◆ **INFORMATION SHOWN**
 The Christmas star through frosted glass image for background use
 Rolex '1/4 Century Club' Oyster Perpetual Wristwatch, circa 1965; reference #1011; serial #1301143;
* * *
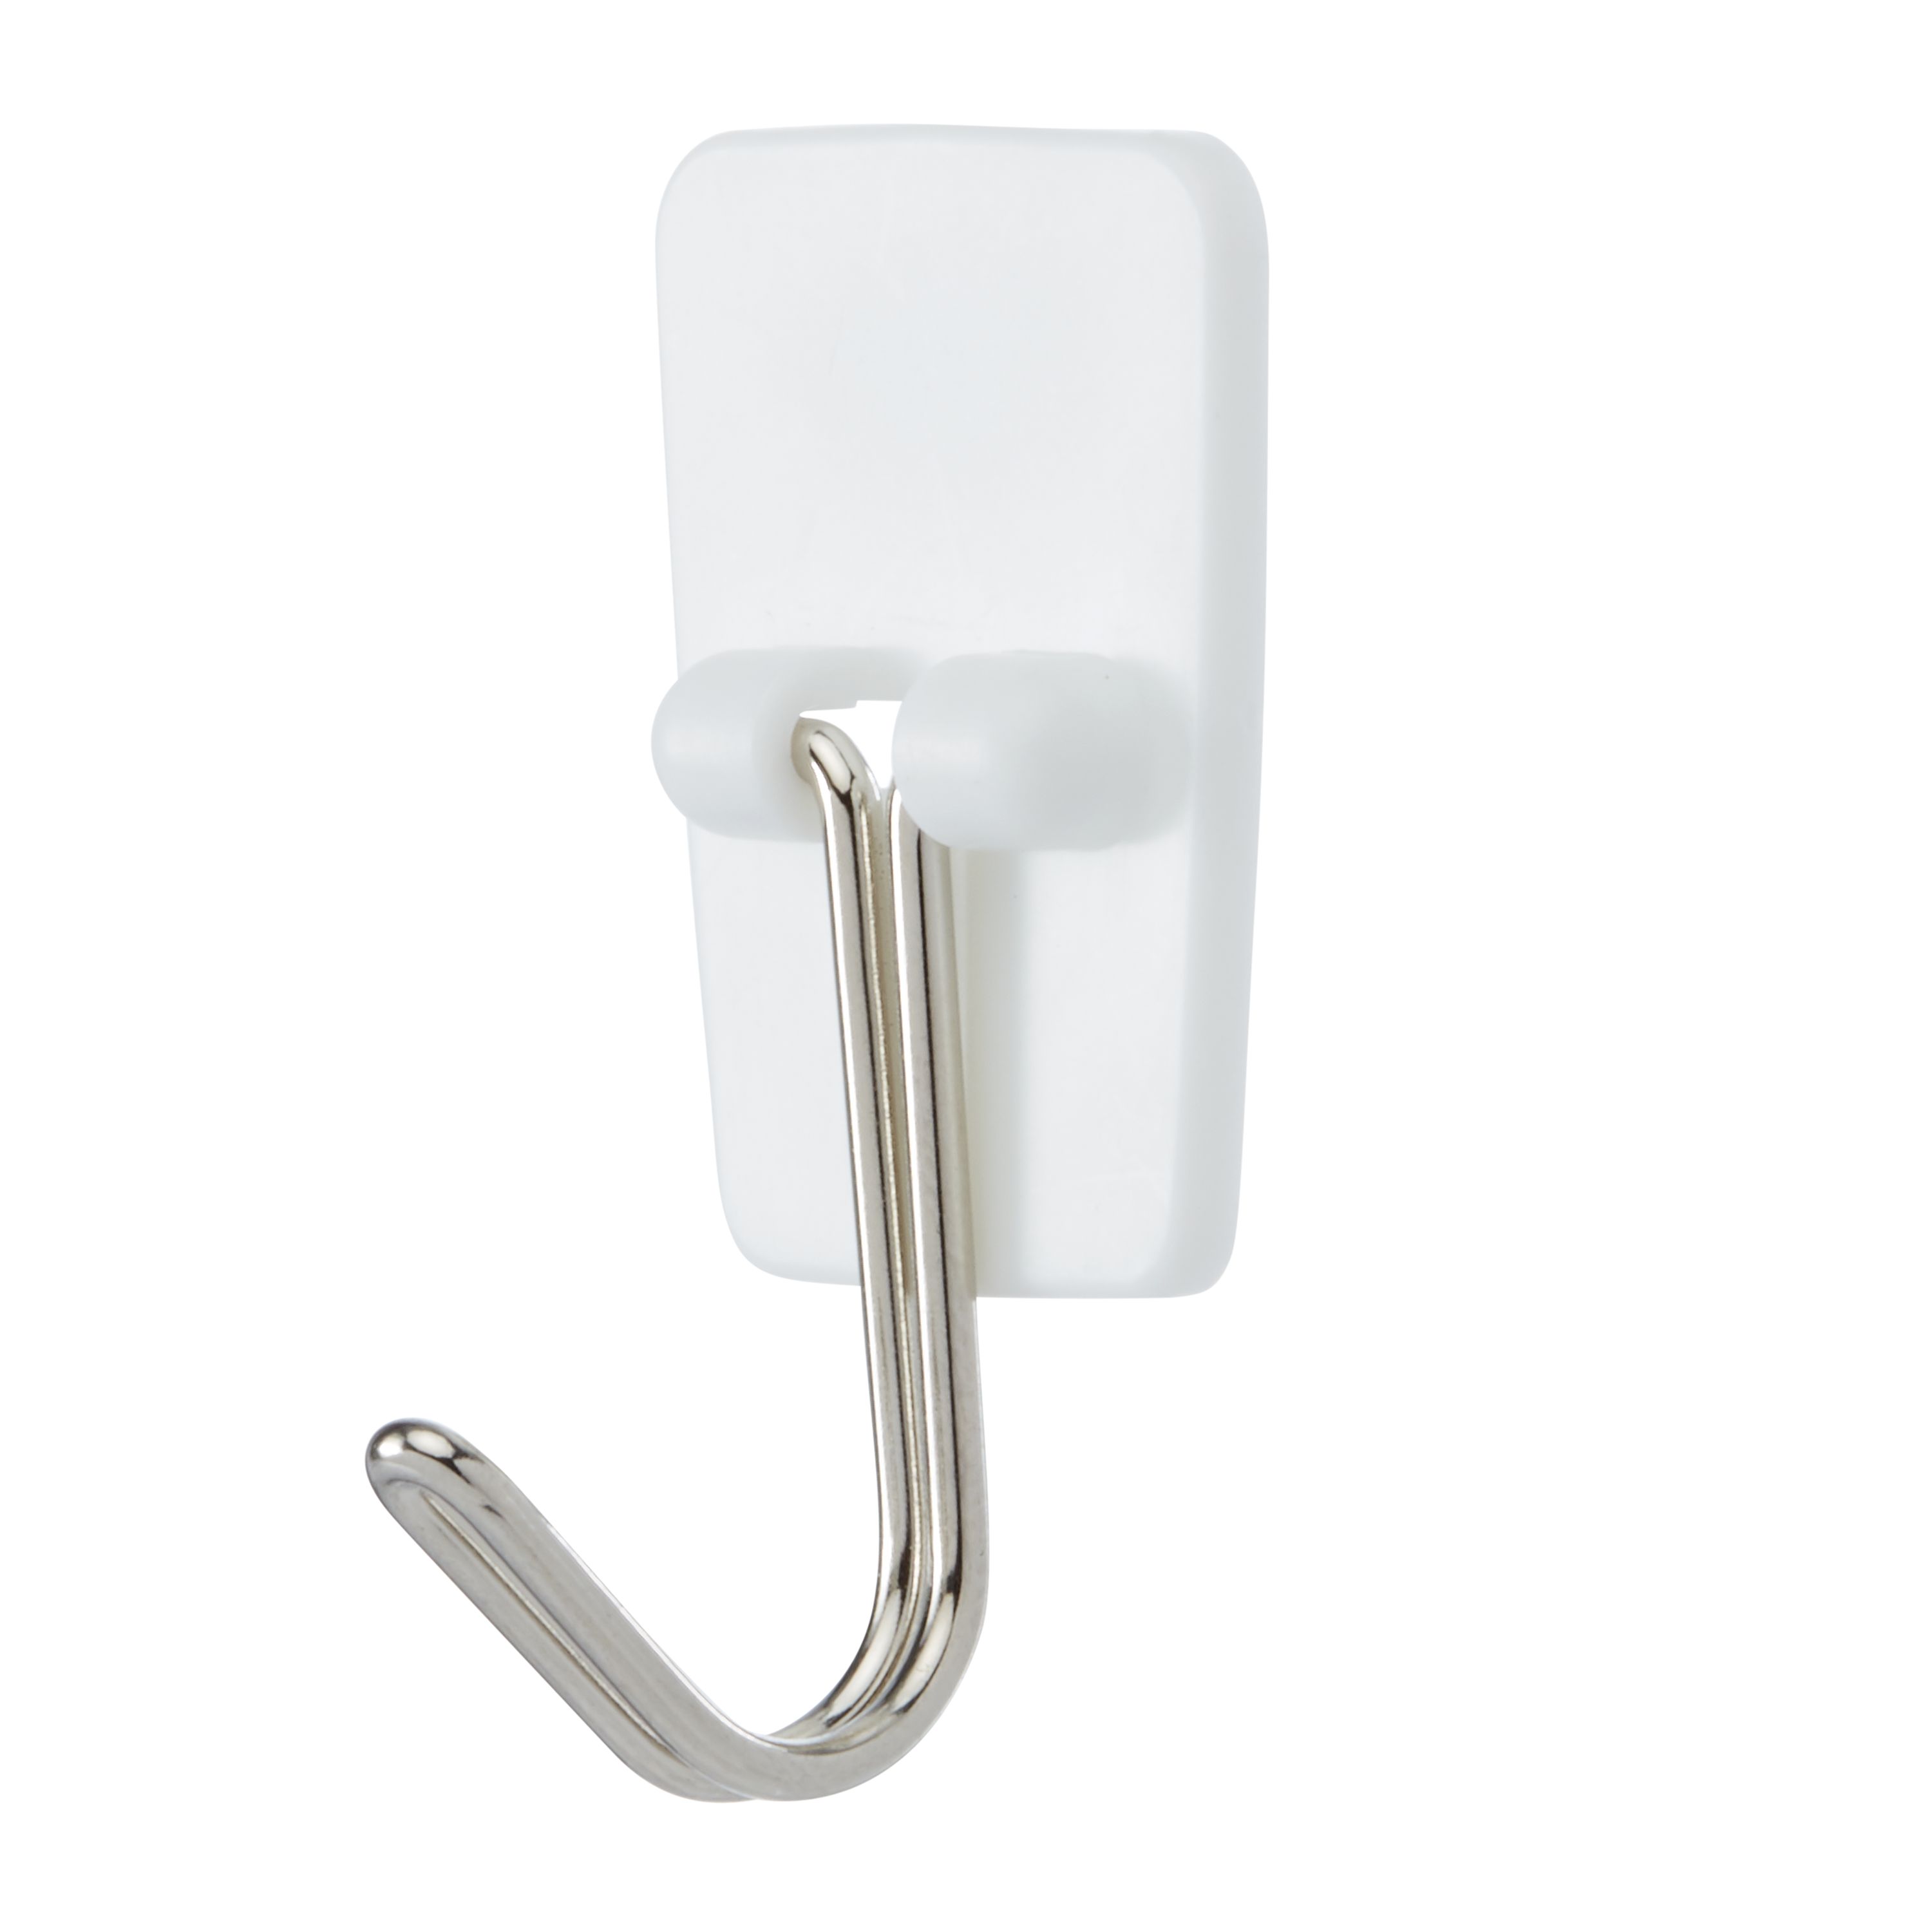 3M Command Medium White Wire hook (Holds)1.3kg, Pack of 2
* * *
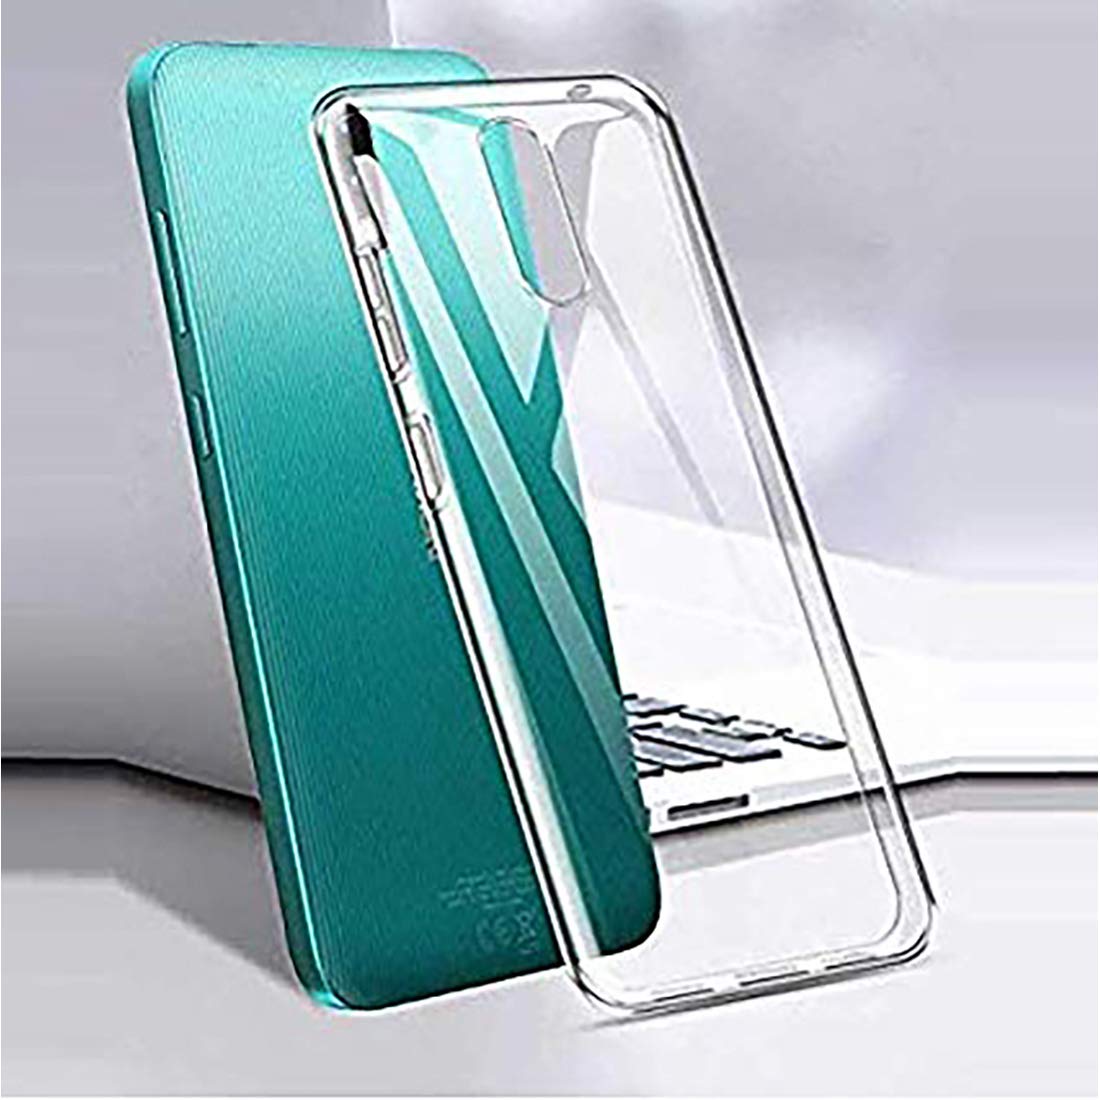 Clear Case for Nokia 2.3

◆ **TASK INSTRUCTIONS**
Above are the records. Print exactly, and only, the lines from the line with "The Christmas star" to the line with "Rolex '1/4 Century", both inclusive.

◆ **THE ANSWER**
 The Christmas star through frosted glass image for background use
 Rolex '1/4 Century Club' Oyster Perpetual Wristwatch, circa 1965; reference #1011; serial #1301143;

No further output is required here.